A finely dispersed tissue-specific matrix from a decellularized donor liver of mammals, made according to the patent of the Russian Federation No. 2539918 dated January 27, 2015. “A method for producing a tissue-specific matrix for tissue engineering of the parenchymal organ”, incubated in vitro for 8-12 hours at a temperature of 4 ° C in physiological solution phosphate buffered. The phosphate buffer has the following composition: 138 mM NaCl, 2.67 mM KCl, 1.47 mM KH ₂ PO ₄ , 8.1 mM Na ₂ HPO ₄ , distilled water up to 1 L, pH 7.4 with the addition of glycoproteins ( for example, fibronectin and laminin at 10 μg / ml), moreover, the matrix and physiological saline buffered with phosphates are used for incubation in equal volumes, in a ratio of 1: 1.

four). Isolation of autologous liver cells.

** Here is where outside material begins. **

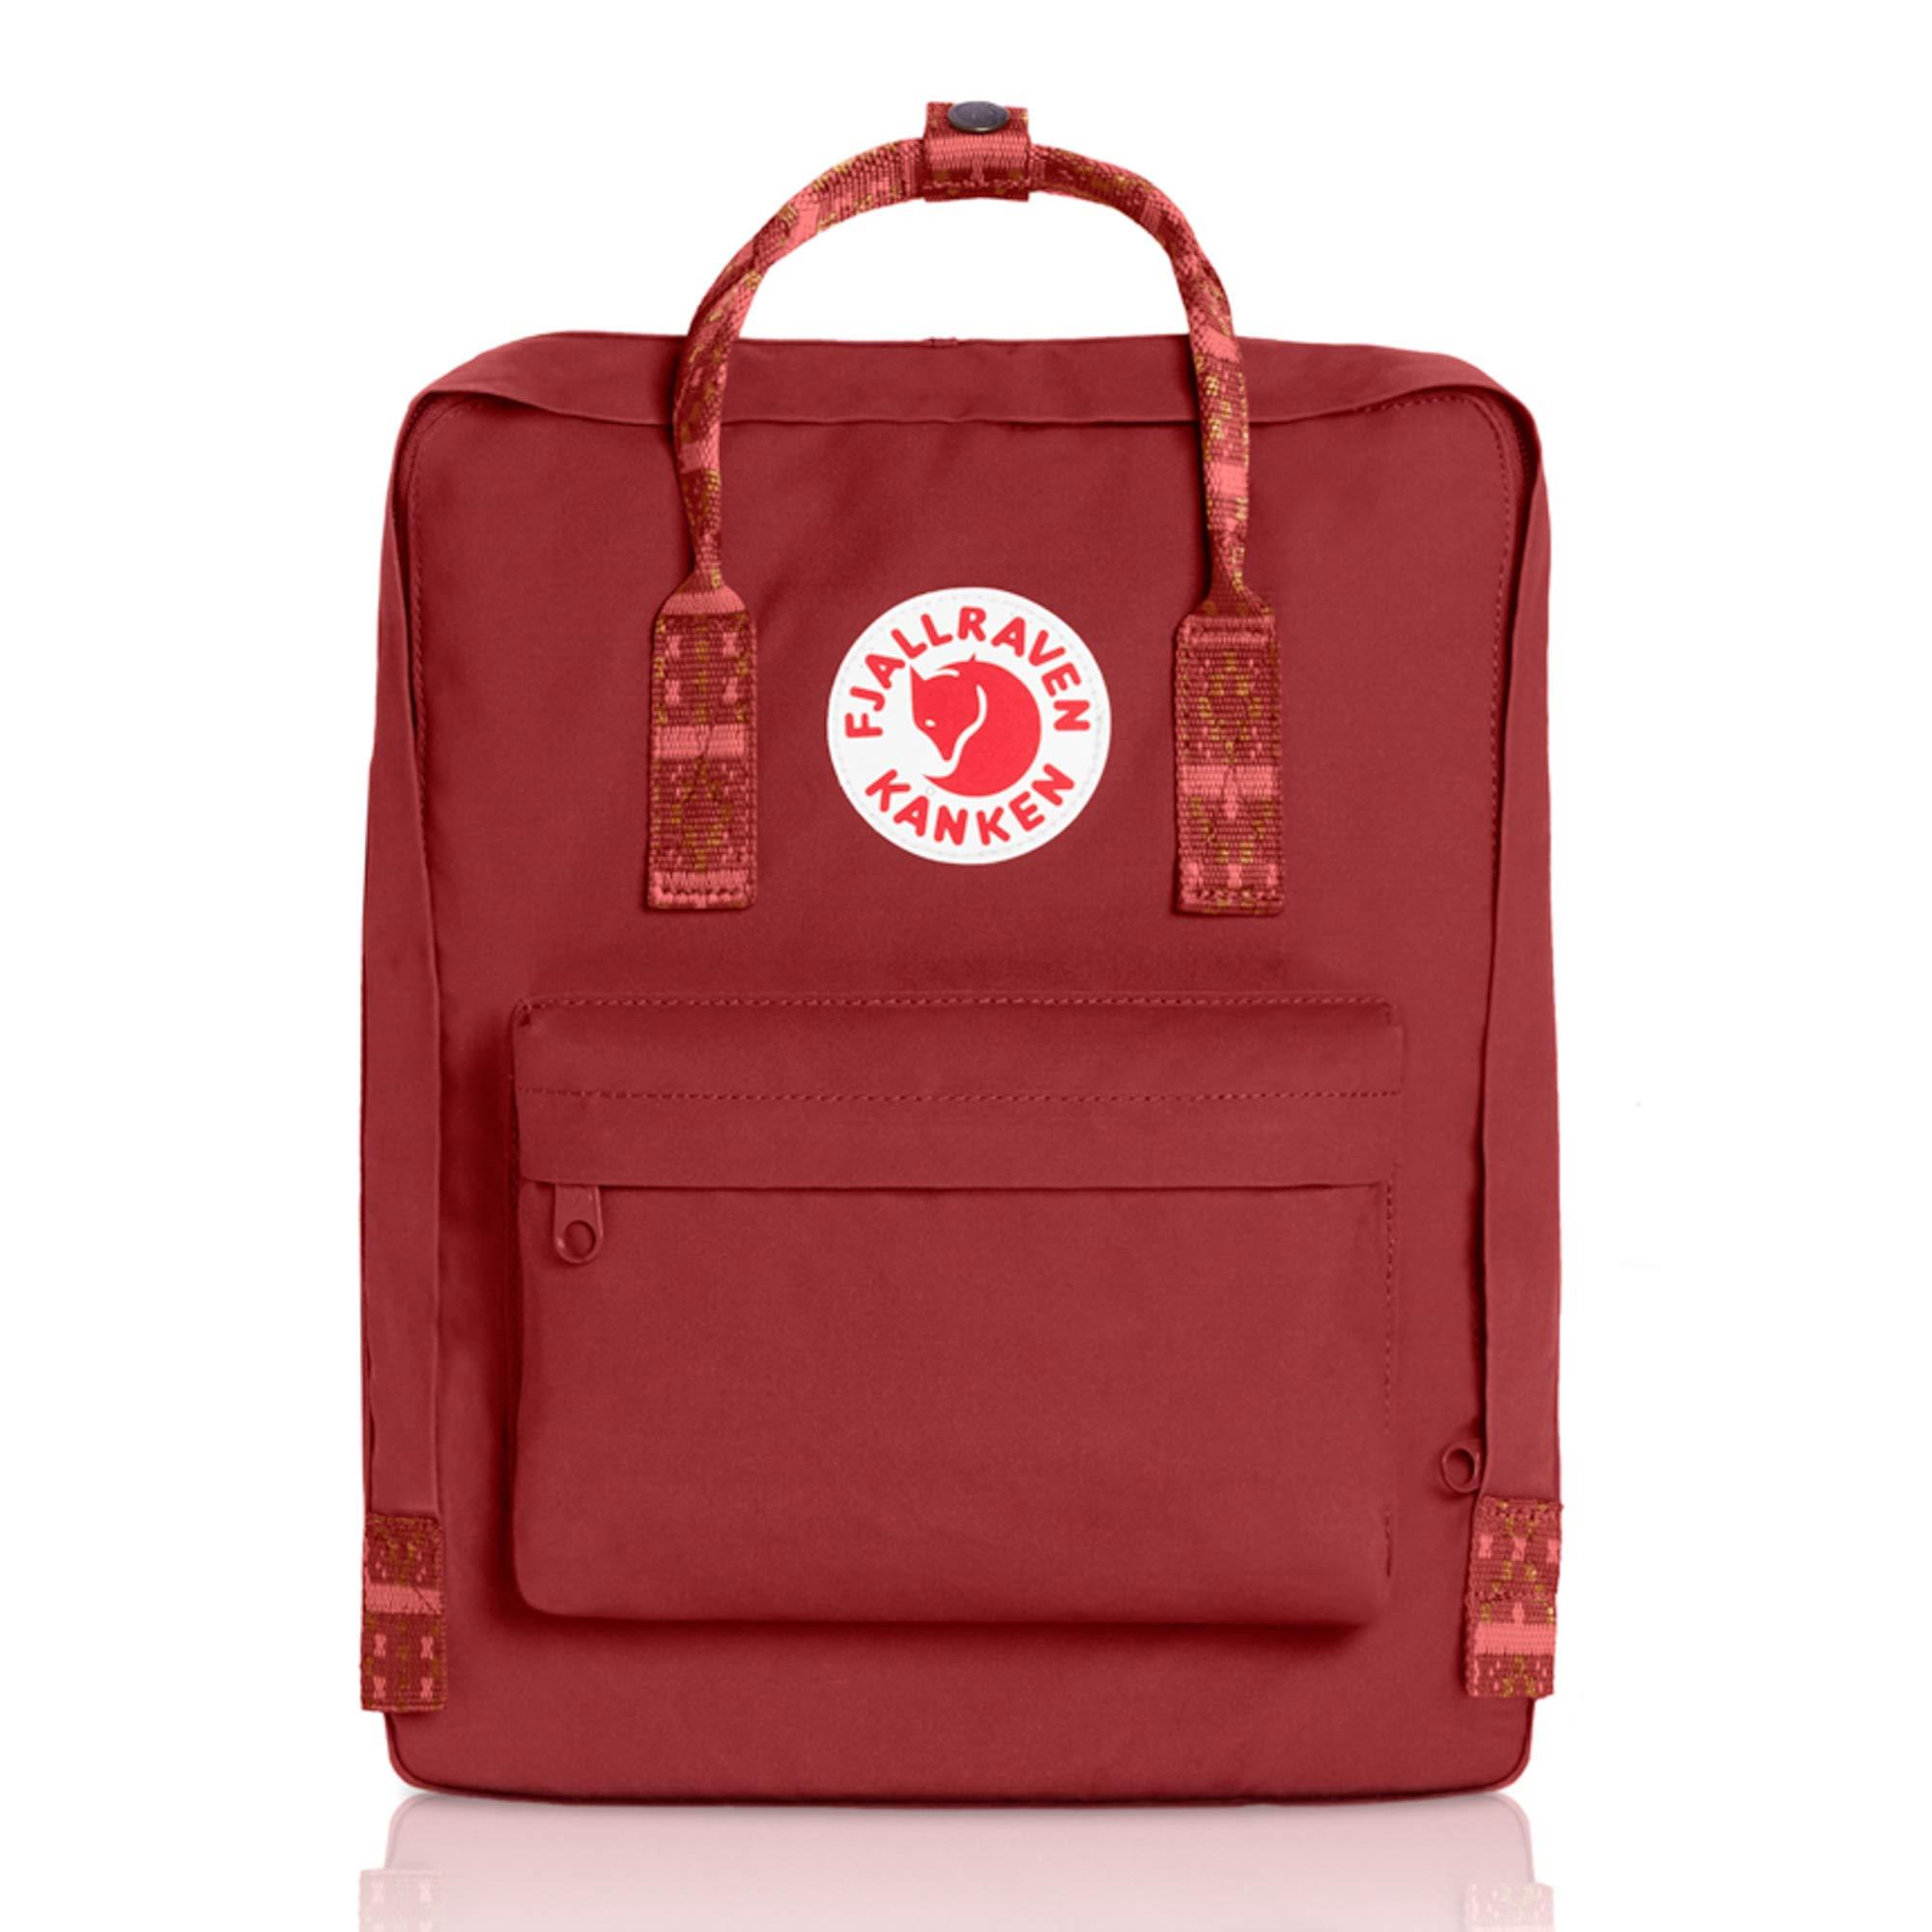 Fjallraven - Kanken Classic Backpack for Everyday, Deep Red/Folk Pattern

Resection of 2-4 × 2-4 × 1-2 cm of liver tissue is performed in patients with liver failure to obtain liver cells. The selection of autologous liver cells is carried out according to the traditional method (Fontaine M, Schloo B, Jenkins R, Uyama S, Hansen L, Vacanti JP Human hepatocyte isolation and transplantation into an athymic rat, using prevascularized cell polymer constructs. // Pediatr. Surg. -1995 . - vol. 30 (l). - P. 56-60; Hang H, Shi X, Gu G, Wu Y, Ding Y. A simple isolation and cryopreservation method for adult human hepatocytes // Int J Artif Organs. 2009 Oct ; 32 (10). - P. 720-7; Lehec SC, Hughes RD, Mitry RR, Graver MA, Verma A, Wade JJ, Dhawan A. Experience of microbiological screening of human hepatocytes for clinical transplantation. // Cell Transplant. 2009; 18 (8). - P. 941-947; Seglen O. Preparation of isolated rat liver cells. // Methods. Cell. Biol. 1976. - vol. 13. - P. 29-83).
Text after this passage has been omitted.